Puberty, Disorders of Development, & Menstrual Disorders Flashcards
A major characteristic of follicular growth and estradiol secretion is explained by the 2 cell theory of ovarian follicular development. What is the 2 cell theory?
LH stimulates the theca cells to produce androgens
FSH stimulates the granulosa cells to convert those androgens to estrogens
Hormone changes during the luteal phase
LH and FSH are significantly suppresed through negative feedback effect of elevated circulating estradiol and progesterone
If conception does not occur, progesterone and estradiol level decline near the end of the luteal phase as a result of corpus luteal regression
FSH will then rise which initiates new follicular growth for the next cycle
______ appears to enhance the hypothalamic release of GnRH and induce the midcycle LH surge
Estradiol
[during early follicular development, estradiol levels are low; approx 1 wk before ovulation, estradiol levels begin to increase; during the luteal phase, estradiol rises to a maximum 5-7 days after ovulation and returns to baseline before menstruation]
Describe changes in secretion of progestins during the ovarian cycle
During follicular development, the ovary secretes only a small amount of progesterone
Prior to ovulation, the unruptured luteinizing graafian follicle begins to produce increasing amounts of progesterone
Secretion of progesterone by the corpus luteum reaches a maximum 5-7 days after ovulation and returns to baseline before menstruation
At about 8-10 weeks of fetal development, oocytes become surrounded by precursor granulosa cells.
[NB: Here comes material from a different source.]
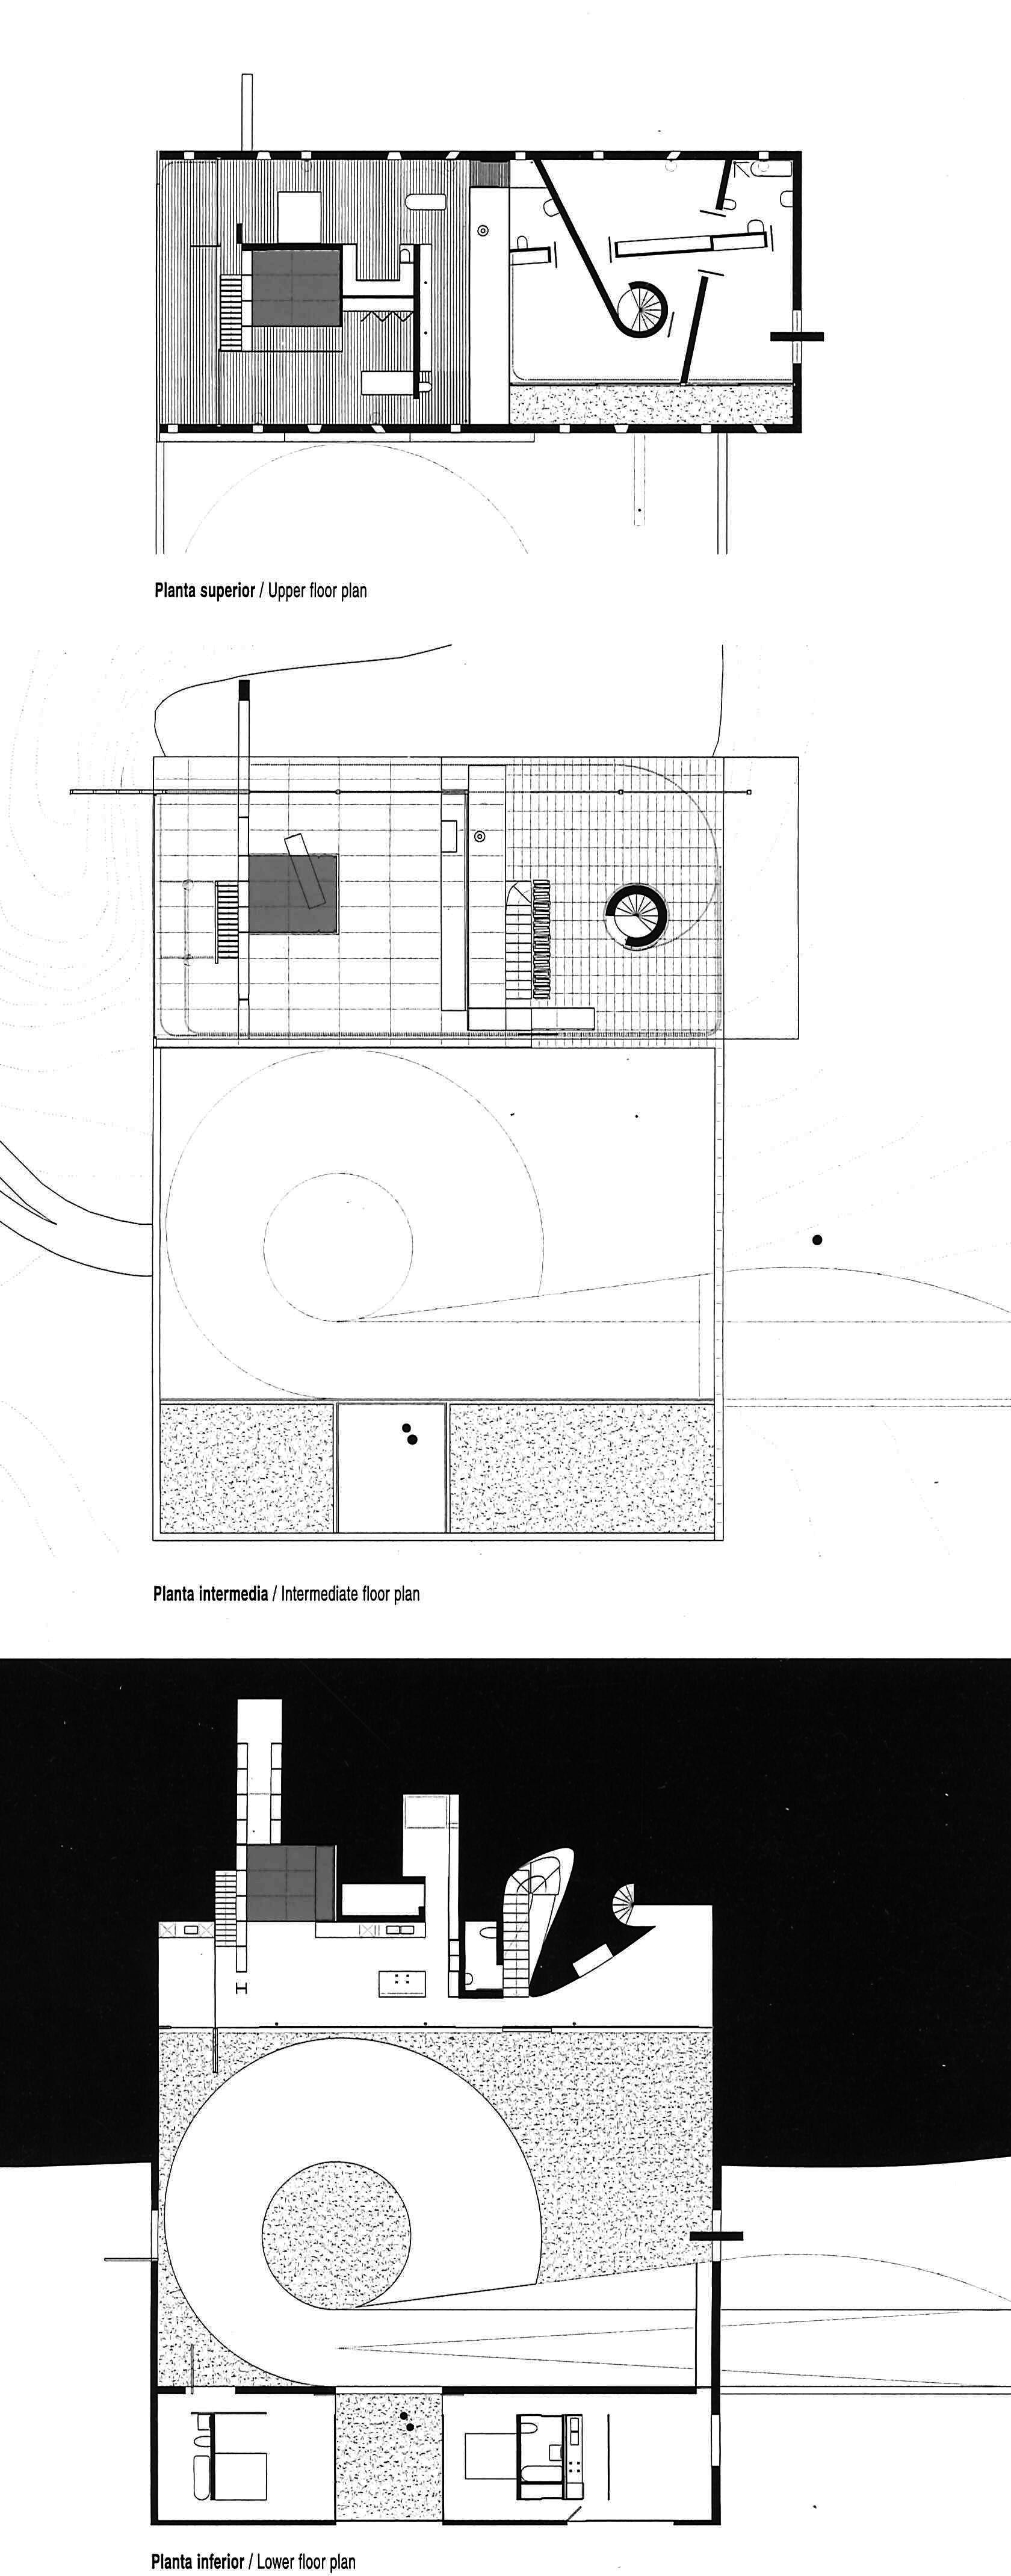 Afc Floor Plan >> Rem koolhaas, Maison à Bordeaux | REPRESENTATION PLANS | Pinterest | Maison bordeaux, Dessin ...

This oocyte-granulosa cell complex is called a ____
Primordial follicle
In the ADULT ovary, a graafian follicle forms. The innermost 3-4 layers of multiplying granulosa cells become cuboidal and adherent to the ovum; this is known as the _____
Cumulus oophorus
After ovulation, the granulosa cells of the ruptured follicle undergo luteinization. The luteinized granulosa cells, theca cells, capillaries, and CT form the corpus luteum. The corpus luteum produces copious amounts of _____ and some estradiol
Progesterone
What histologic portion of the endometrium contains spiral arteries and undergoes cyclic changes during the menstrual cycle and is sloughed off at menstruation?
Functionalis
[the basalis layer contains basal arteries, remains relatively unchanged during each cycle, and produces stem cells for renewal of functionalis layer]
During which phase of the uterine cycle is endometrial lining at its maximal thickness?
Secretory phse
Why is an intact coagulation pathway important in regulating menstruation?
Menstruation disrupts blood vessels, but with normal hemostasis, the injured vessels are rapidly repaired
Restoration of these blood vessels requires successful interaction of platelets and clotting factors
[certain medications and clotting disorders are associated heavy bleeding]
The median age of menarche is _____. Menarche usually occurs within 2-3 years after ______ at tanner stage IV, rarely before tanner stage III.
12.43; thelarche
Define primary amenorrhea
No menstruation by 13 y/o without secondary sexual development OR by the age of 15 with secondary sexual characteristics
Length of normal menstrual cycle in adults
21-35 days
[in first few years after menarche may be 21-45 days]
Normal vs. excessive menstrual flow
Normal mean blood loss per menstrual period is 30 cc — most report changing a pad 3-6x/day
Excess is >80cc — often associated with anemia [changing a pad q1-2 hrs is considered excessive especially if bleeding is lasting >7 days]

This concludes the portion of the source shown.